━━ Records shown ━━

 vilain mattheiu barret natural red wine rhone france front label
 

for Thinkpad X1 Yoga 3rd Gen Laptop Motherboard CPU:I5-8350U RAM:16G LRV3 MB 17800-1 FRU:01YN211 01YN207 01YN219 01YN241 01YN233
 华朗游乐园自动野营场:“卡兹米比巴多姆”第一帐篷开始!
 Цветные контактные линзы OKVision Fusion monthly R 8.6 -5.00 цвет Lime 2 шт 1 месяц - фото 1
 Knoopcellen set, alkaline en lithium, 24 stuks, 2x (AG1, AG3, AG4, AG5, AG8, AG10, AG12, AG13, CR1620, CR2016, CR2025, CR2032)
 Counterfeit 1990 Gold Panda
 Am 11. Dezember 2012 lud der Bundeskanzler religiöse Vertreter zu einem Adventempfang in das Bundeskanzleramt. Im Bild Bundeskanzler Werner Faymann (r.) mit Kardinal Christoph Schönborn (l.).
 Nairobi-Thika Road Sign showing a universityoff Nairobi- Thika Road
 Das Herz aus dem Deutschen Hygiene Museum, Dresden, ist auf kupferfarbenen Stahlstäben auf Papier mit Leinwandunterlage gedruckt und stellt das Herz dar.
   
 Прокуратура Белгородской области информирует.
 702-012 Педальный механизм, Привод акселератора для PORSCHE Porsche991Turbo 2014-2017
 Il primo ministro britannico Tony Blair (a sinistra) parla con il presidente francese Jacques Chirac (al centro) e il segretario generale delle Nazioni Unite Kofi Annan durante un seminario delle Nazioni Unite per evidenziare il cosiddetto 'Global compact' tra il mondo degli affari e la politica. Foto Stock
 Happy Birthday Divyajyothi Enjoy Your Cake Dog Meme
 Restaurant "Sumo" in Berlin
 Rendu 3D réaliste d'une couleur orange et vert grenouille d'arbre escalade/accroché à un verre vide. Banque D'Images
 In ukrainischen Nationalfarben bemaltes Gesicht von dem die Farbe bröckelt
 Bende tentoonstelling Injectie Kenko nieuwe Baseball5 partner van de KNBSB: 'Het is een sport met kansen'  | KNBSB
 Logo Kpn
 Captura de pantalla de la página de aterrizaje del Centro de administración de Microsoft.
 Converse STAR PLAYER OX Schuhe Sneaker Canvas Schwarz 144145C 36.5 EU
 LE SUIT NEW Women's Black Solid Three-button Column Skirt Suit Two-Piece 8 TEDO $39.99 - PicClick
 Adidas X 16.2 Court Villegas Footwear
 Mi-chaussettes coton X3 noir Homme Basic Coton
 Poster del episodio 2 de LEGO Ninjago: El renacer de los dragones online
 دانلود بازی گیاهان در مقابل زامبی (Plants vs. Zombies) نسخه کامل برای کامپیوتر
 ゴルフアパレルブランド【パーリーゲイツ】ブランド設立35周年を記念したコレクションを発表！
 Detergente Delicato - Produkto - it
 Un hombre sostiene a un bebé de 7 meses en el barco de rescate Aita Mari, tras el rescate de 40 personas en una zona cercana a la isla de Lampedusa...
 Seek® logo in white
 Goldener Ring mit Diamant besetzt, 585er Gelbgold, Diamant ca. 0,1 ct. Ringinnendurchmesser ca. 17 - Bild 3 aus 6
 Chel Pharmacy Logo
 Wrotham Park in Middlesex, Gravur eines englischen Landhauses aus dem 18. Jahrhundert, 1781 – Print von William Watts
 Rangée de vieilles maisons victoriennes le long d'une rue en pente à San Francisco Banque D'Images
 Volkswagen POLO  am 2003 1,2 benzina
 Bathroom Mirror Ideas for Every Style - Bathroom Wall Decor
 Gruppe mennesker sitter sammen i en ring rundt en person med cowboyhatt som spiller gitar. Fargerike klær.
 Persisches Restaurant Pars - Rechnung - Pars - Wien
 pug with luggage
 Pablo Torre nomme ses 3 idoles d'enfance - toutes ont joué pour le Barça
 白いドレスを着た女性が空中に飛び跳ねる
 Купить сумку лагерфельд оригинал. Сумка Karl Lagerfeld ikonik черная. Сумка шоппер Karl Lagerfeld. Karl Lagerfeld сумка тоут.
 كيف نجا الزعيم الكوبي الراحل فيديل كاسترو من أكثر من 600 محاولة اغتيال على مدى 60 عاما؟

━━━

| Problem details |
As the answer, set down only the lines from the data above between the one holding "Goldener Ring mit" and the one holding "白いドレスを着た女性が空中に飛び跳ねる", inclusive, exactly as they read.

| Answer section |
 Goldener Ring mit Diamant besetzt, 585er Gelbgold, Diamant ca. 0,1 ct. Ringinnendurchmesser ca. 17 - Bild 3 aus 6
 Chel Pharmacy Logo
 Wrotham Park in Middlesex, Gravur eines englischen Landhauses aus dem 18. Jahrhundert, 1781 – Print von William Watts
 Rangée de vieilles maisons victoriennes le long d'une rue en pente à San Francisco Banque D'Images
 Volkswagen POLO  am 2003 1,2 benzina
 Bathroom Mirror Ideas for Every Style - Bathroom Wall Decor
 Gruppe mennesker sitter sammen i en ring rundt en person med cowboyhatt som spiller gitar. Fargerike klær.
 Persisches Restaurant Pars - Rechnung - Pars - Wien
 pug with luggage
 Pablo Torre nomme ses 3 idoles d'enfance - toutes ont joué pour le Barça
 白いドレスを着た女性が空中に飛び跳ねる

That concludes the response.